Reduced Node Voltage Analysis Source Vector

\[\boldsymbol{i}_{\text{q}} = \begin{bmatrix}I_{\text{CS},1} - I_{\text{CS},2} \\ -I_{\text{CS},1}\end{bmatrix}\]

Proof

TODO

Algorithm: Node Admittance Matrix

Initialize the node admittance matrix to zero.

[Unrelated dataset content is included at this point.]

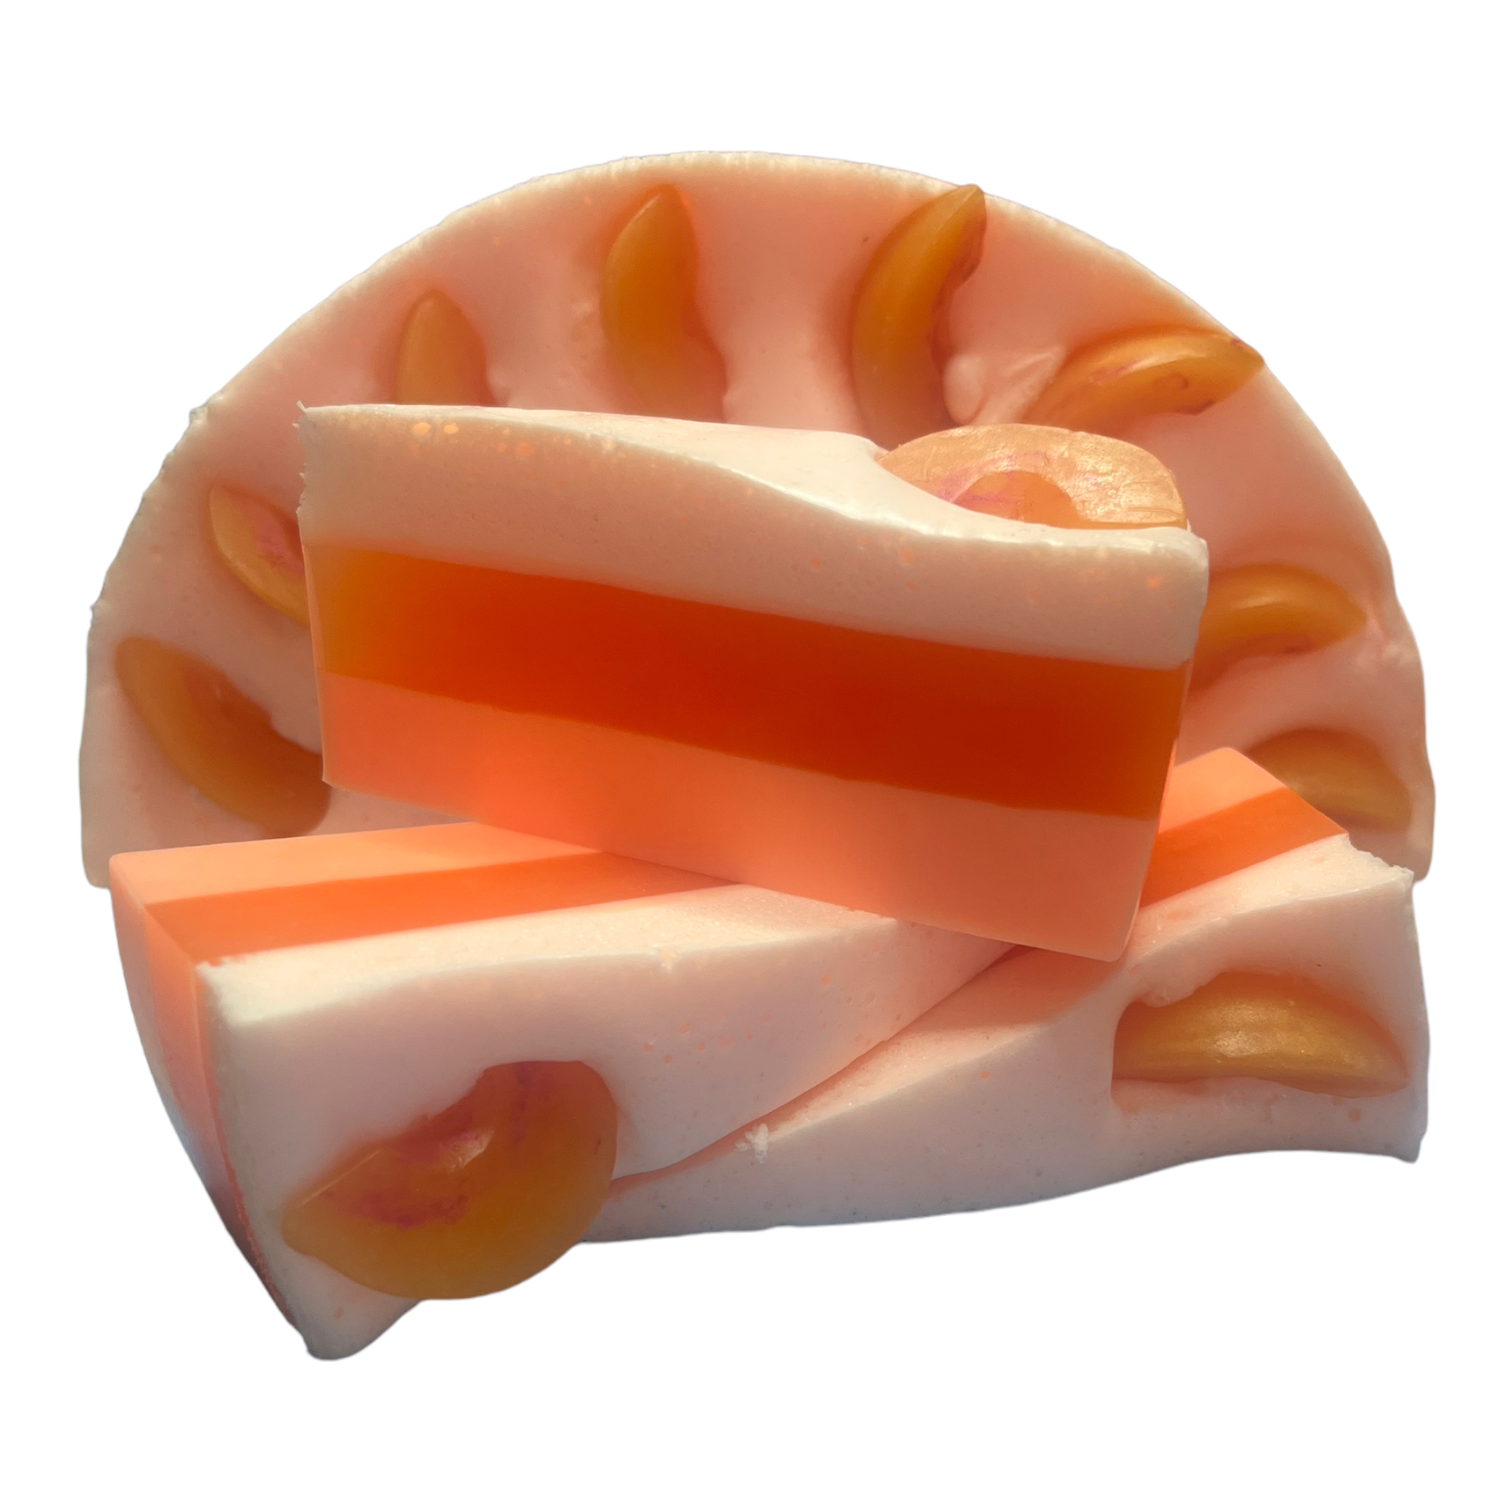 Peach Bellini soap cake

If a branch current \(i_{\alpha \to \beta}\) (flowing out of the node \(\alpha\) into the node \(\beta\)) is given by the node voltages \(v_{\text{k},\gamma}\) and \(v_{\text{k},\delta}\) as

\[i_{\alpha \to \beta} = g\cdot (v_{\text{k},\gamma} - v_{\text{k},\delta}),\]

then \(g\) contributes to the elements \(g_{i,j}\) of the node admittance matrix as follows:

Add \(g\) to row \(\alpha\), column \(\gamma\) and to row \(\beta\), column \(\delta\).

\[\begin{aligned}g_{\alpha, \gamma} & \leftarrow g_{\alpha, \gamma} + g \\ g_{\beta, \delta} & \leftarrow g_{\beta, \delta} + g\end{aligned}\]

Subtract \(g\) from row \(\alpha\), column \(\delta\) and from row \(\beta\), column \(\gamma\).

\[\begin{aligned}g_{\alpha, \delta} & \leftarrow g_{\alpha, \delta} - g \\ g_{\beta, \gamma} & \leftarrow g_{\beta, \gamma} - g\end{aligned}\]

If \(\alpha\), \(\beta\), \(\gamma\) or \(\delta\) is the reference, then do not perform the operations in which it participates.